The beginning of the settlement of São Raimundo das Mangabeiras dates back to 1890, but until 1895, only Faustino Trindade and Sabino Bezerra lived there, who were, as is known, its first inhabitants. Then, coming from Jurumenha - PI, Cipriano Taveira arrived with the help of the local population and neighboring villages in the construction of a church dedicated to Saint Raimundo Nonato, who is still the patron of the city. In 1917, Colonel Manoel José de Santana of New York and Major Rozendo Pires Ferreira of Loreto founded the Santana & Pires firm in São Raimundo das Mangabeiras, which is dedicated to the purchase of agricultural products and the sale of manufactured goods, becoming very well known in the south of Maranhão and north of Goiás.

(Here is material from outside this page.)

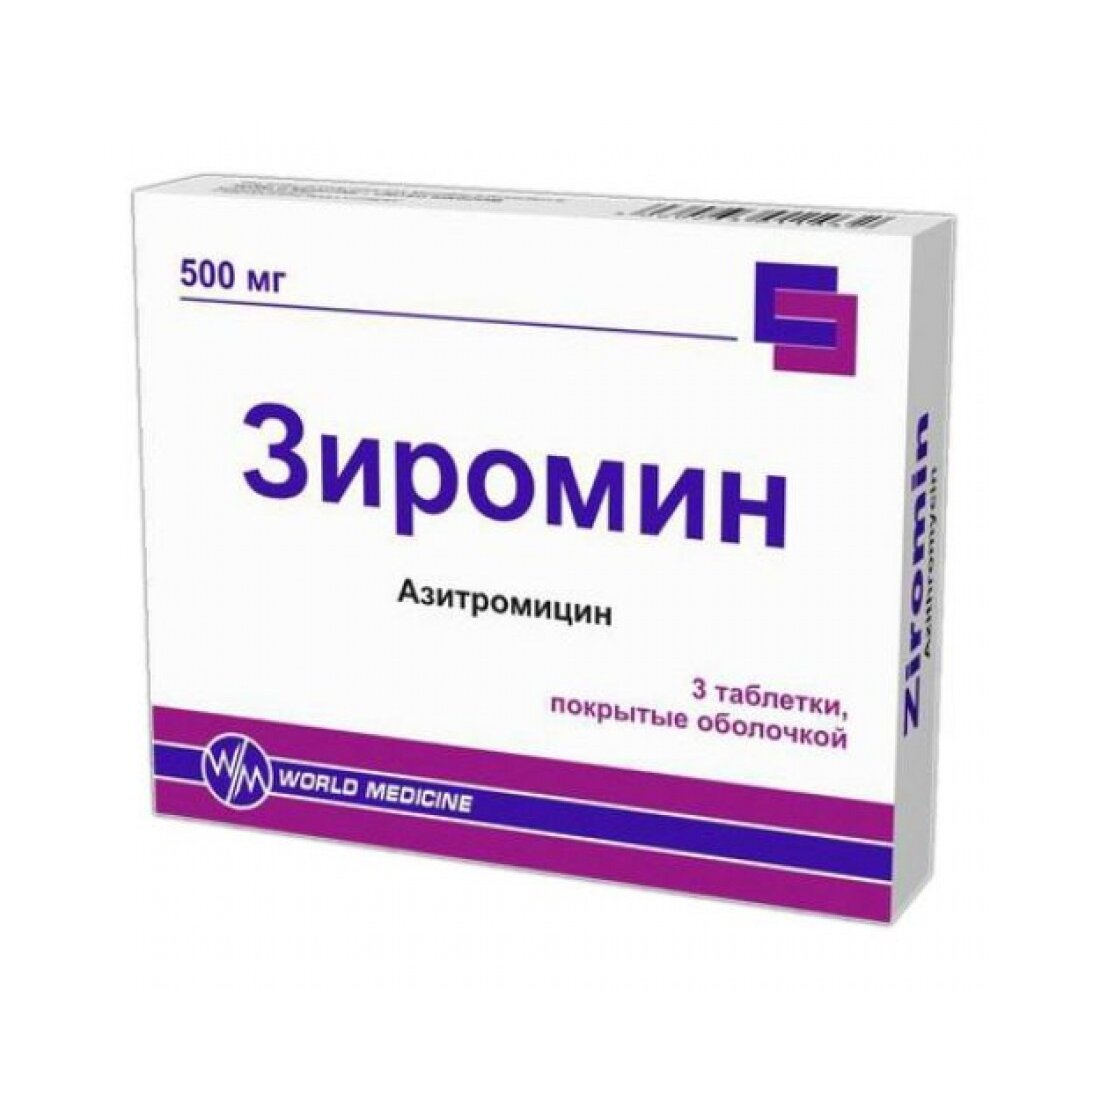 Зиромин таблетки п/об пленочной 500 мг 3 шт.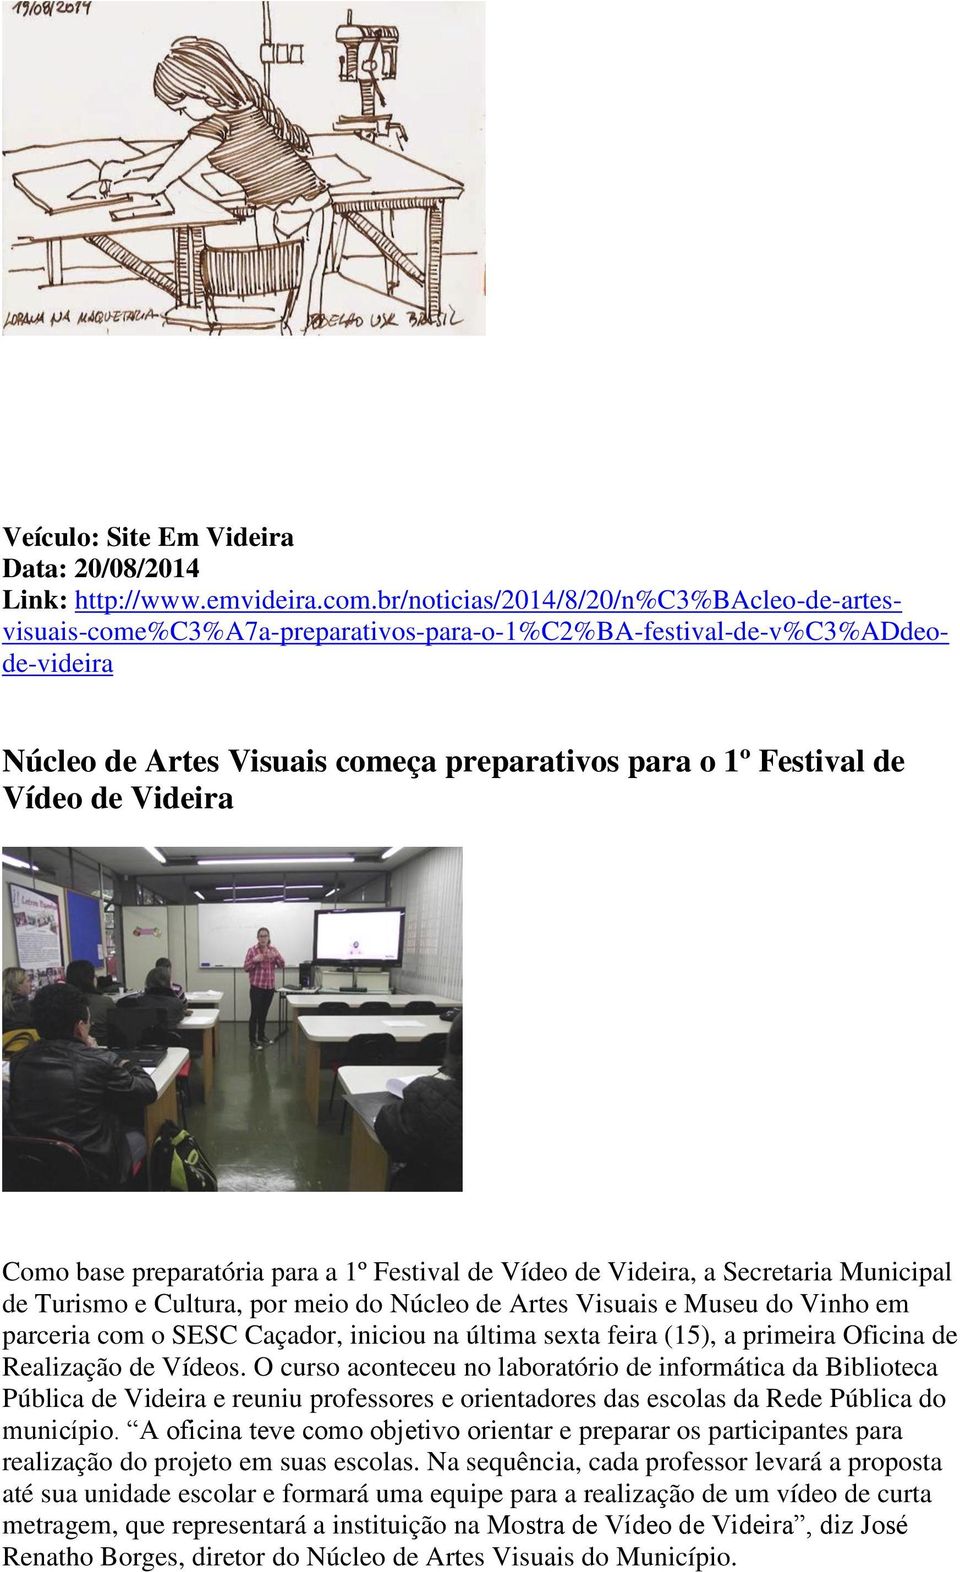 Videira Como base preparatória para a 1º Festival de Vídeo de Videira, a Secretaria Municipal de Turismo e Cultura, por meio do Núcleo de Artes Visuais e Museu do Vinho em parceria com o SESC

In 1925, he was elevated to the rank of town and, as a result of efforts made by State Representative José Franklin da Serra Costa, gained political autonomy by virtue of Law No. 272, dated December 31, 1948. His first (named) mayor was Colonel Raimundo Nonato dos Santos, who was then elected Manoel Olívio de Carvalho.

== Education ==

The main schools are: Integrated Unit Mr. João Bosco (municipal), Teaching Center São Raimundo Nonato (state), Escola Moranguinho (private), Escola Infantil Raio de Sol (private), Integrated Unit Monsenhor Barros (state), INFO Professional Qualification, Unit Integrated Father Fábio Bertagnolli (Municipal), and Integrated Unit Mr. Rino Carlesi (Municipal), Integrated Unit Manoel da Silva Costa (Municipal).

=== Library ===
The city has a municipal public library: the Maria Salomé da Silva Moura Library.

=== IFMA ===
The agricultural school, which preceded the Institute, was requested by the federal deputy Cléber Verde of the PRB in 2007. With the approval of the law that transformed agrotechniques at the Federal Institutes, the municipality was contemplated for a campus. The IFMA - Federal Institute of Science and Technology of Maranhão - was instituted on the Campus of São Raimundo das Mangabeiras through the current President of the TCU, Minister Raimundo Carreiro, who was honored by the institution that gave his name to the institution's library. The IFMA was a regional lever in the parameters of education in secondary, technical, and higher education, until then lacking in the city. With this, the flow of immigrant students increased so much that, in 2016, approximately 50% of students were from surrounding cities.